A partnership is created when two or more individuals or two or more corporations do business in common with the objective of making a profit. Like a sole proprietorship, it is not a separate legal entity so each partner is personally responsible for their actions and the actions of other partners and for any debts incurred by the business.

Three Types of Partnerships

There are three different types of partnerships: general partnership, limited partnership and limited liability partnership.

  1. General Partnership – a general partnership is comprised of general partners that have unlimited liability (i.e. each partner can be held personally liable for the wrongdoing of another partner or debts incurred by the business).
  2. Limited Partnership or LP – a limited partnership (not to be confused with a limited liability partnership below) is comprised of at least one general partner and any number of limited partners. Each partner in a limited partnership has different rights and responsibilities. A general partner is usually personally liable for the debts of the business while a limited partner is personally liable only to the extent that they have invested in the partnership. Unlike a general partner, a limited partner cannot manage or attach their name to the business.
  3. Limited Liability Partnership or LLP – a Limited Liability Partnership is similar to a General Partnership but it provides partners with limited liability protection. This means that partners in a Limited Liability Partnership are not personally liable for the negligence, wrongdoing, or misconduct of another partner unless they are the ones who commit the act or were involved in some way. In some provinces like Alberta, this type of partnership is only available to certain professions. For example, lawyers and accountants.

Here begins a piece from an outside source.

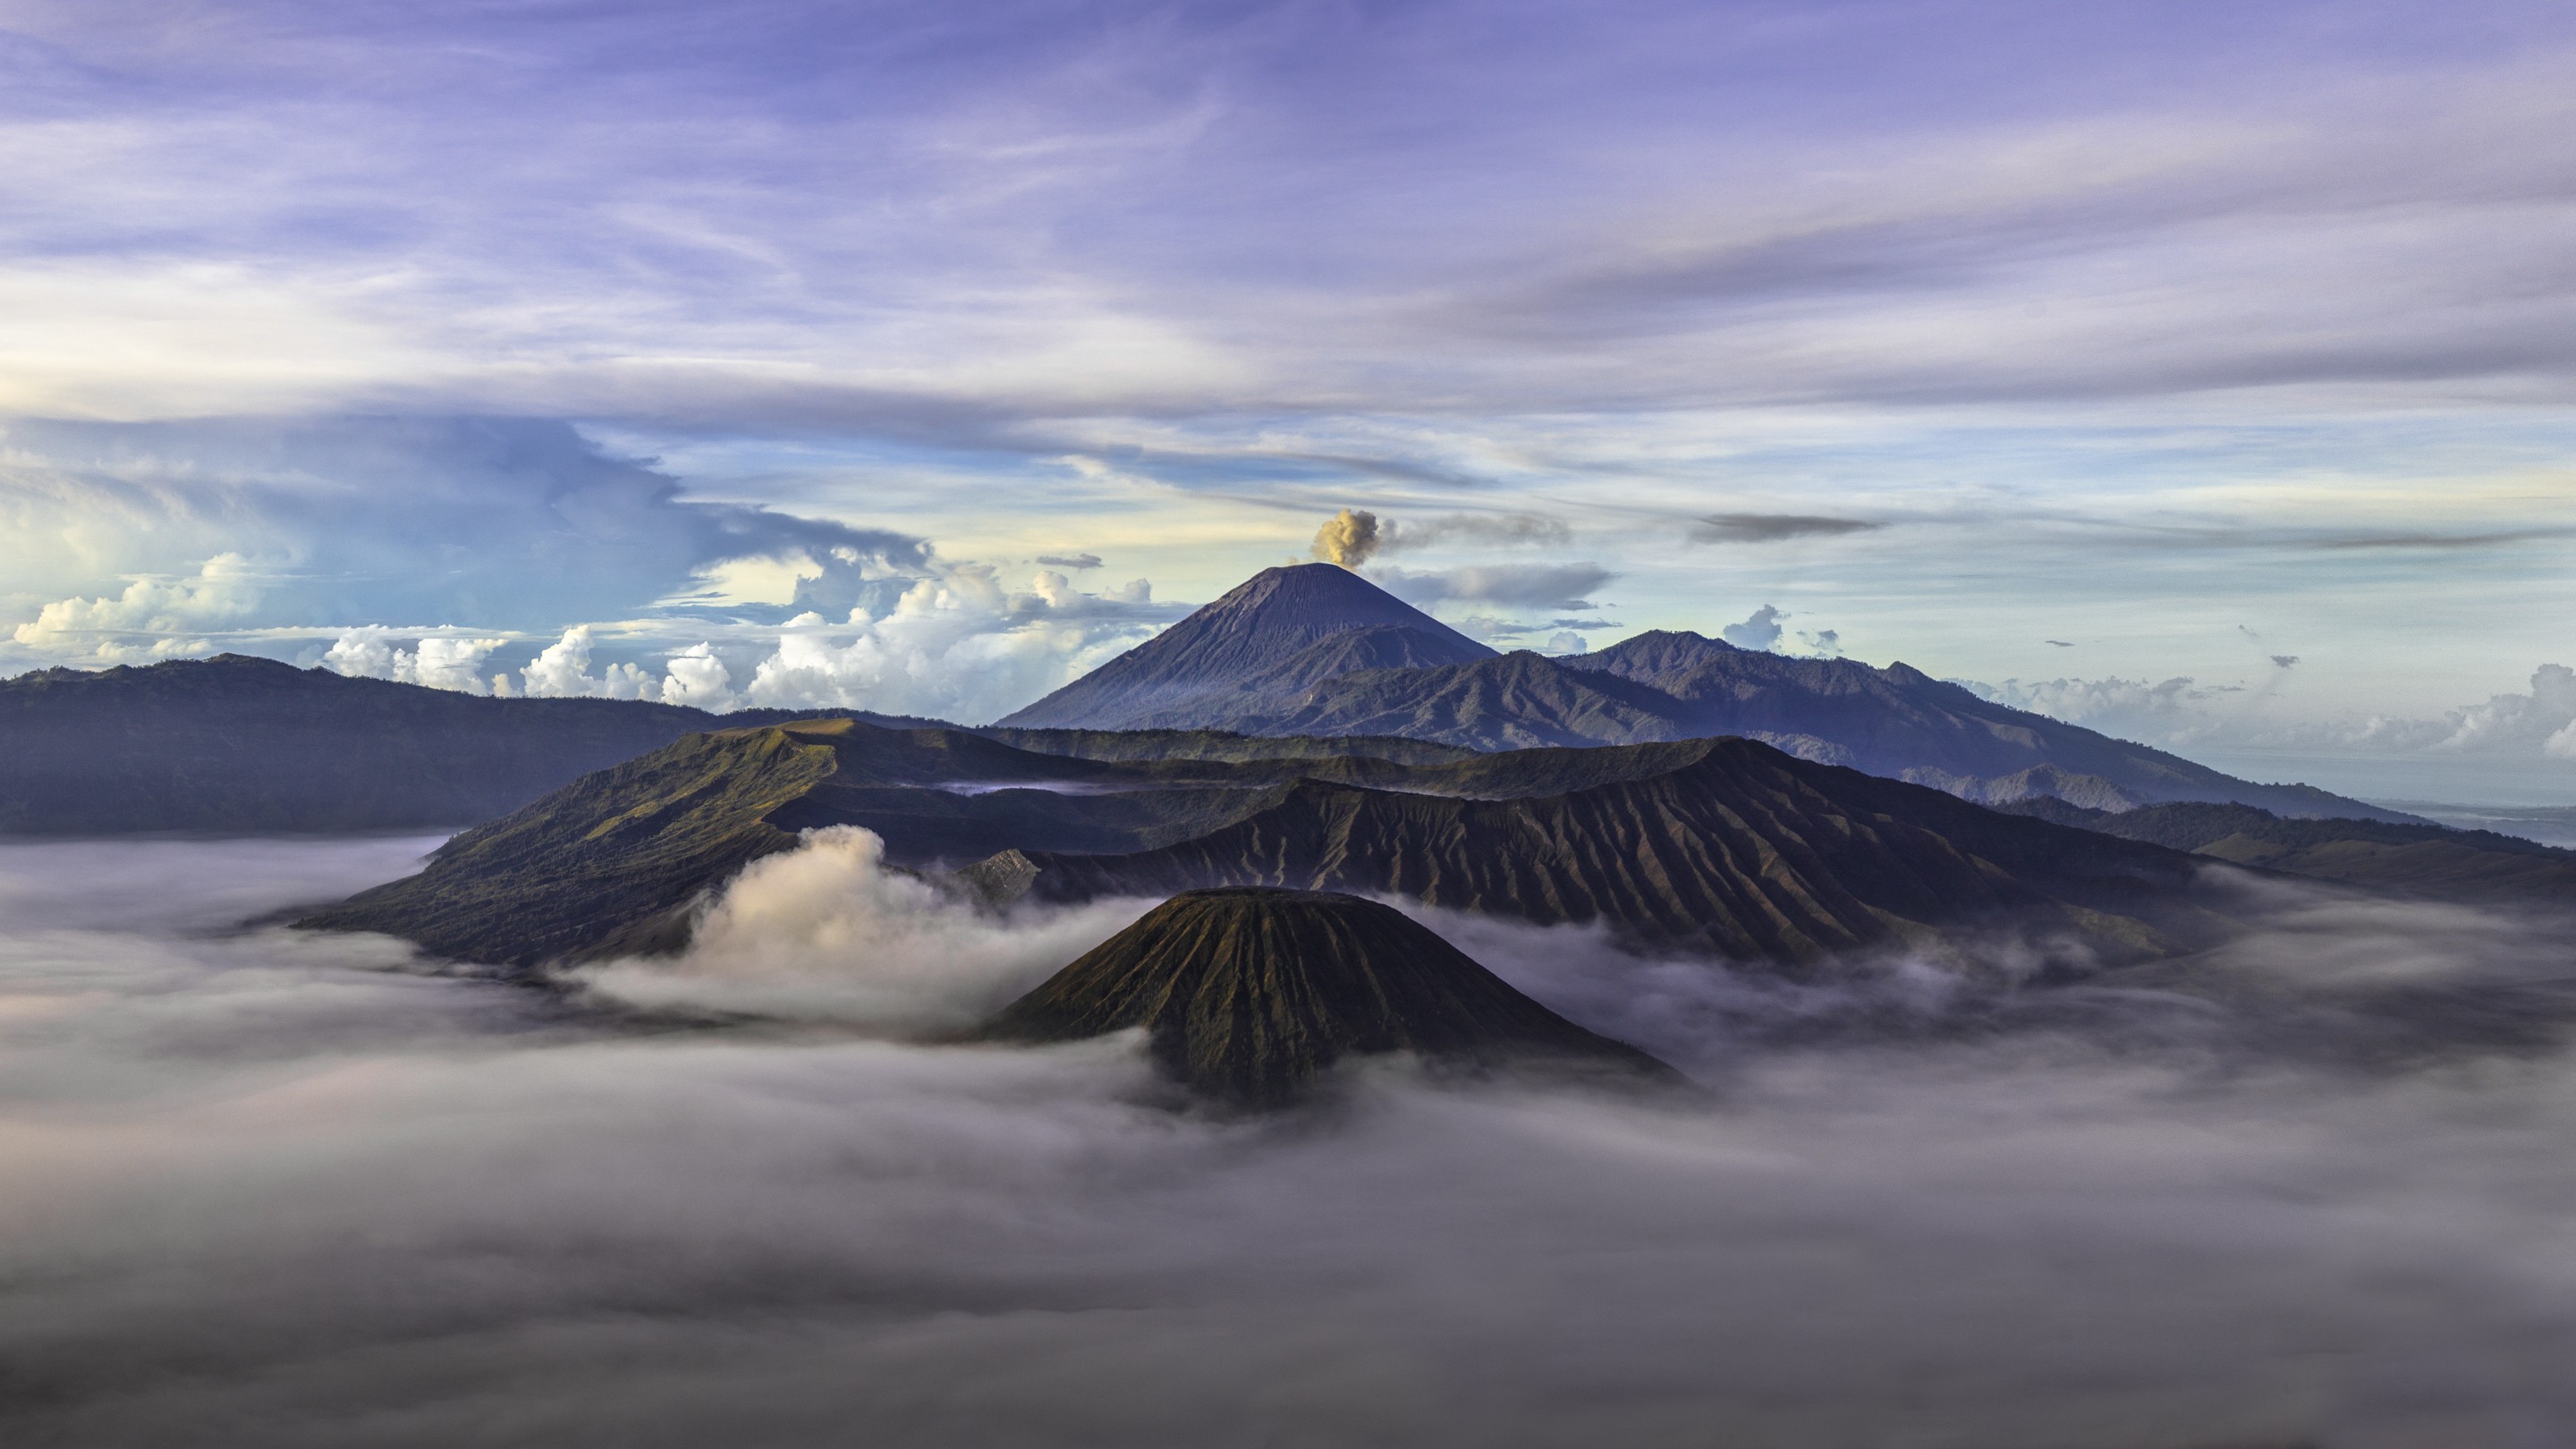 353155 Bild herunterladen erde/natur, berg bromo, indonesien, java (indonesien), morgen, vulkan, vulkane - Hintergrundbilder und Bildschirmschoner kostenlos

Partnerships are easier to set up and less expensive to run than Corporations. There are also fewer filing fees and maintenance costs associated with a Partnership and they are just as easy to dissolve as they are to set up. But one of the biggest drawbacks to a partnership, like a sole proprietorship, is liability. A Partnership does not provide protection for its partners in the same way that a Corporation does for its shareholders. Another drawback is that a Partnership relies on the continued membership of the partners so the death or incapacity of a partner generally results in the partnership being dissolved. The exception to this is the death of a limited partner in a limited partnership

3. Corporation

A corporation is a separate legal entity from its owners so it provides owners with limited liability protection. This means that the owners of a corporation generally will not be held liable for the debts or wrongdoing of the corporation. This is the biggest advantage that a corporation has over a sole proprietorship and partnership. In Canada, there are two ways to incorporate a business: provincially and federally.

Federal incorporation allows you to conduct business in any Canadian province and protects your corporation’s name throughout the country. Provincial incorporation allows you to conduct business only in the province you choose to incorporate your business in and protects your corporation’s name only in that province. To conduct business in other provinces as a provincial corporation, you have to register your corporation in those provinces. If your business is incorporated provincially and you want to learn more about doing business in other provinces, check out this article.

There are clearly benefits to incorporating federally. But if you intend to only conduct business in one province, it is usually less expensive and time-consuming to incorporate your business provincially.


Different business structures come with their own benefits and drawbacks. When choosing which business structure is right for you, consider things like the costs of setting up the business, ongoing maintenance costs, tax implications, and liability protection. Once you’ve chosen your business structure, the next step is to register your business!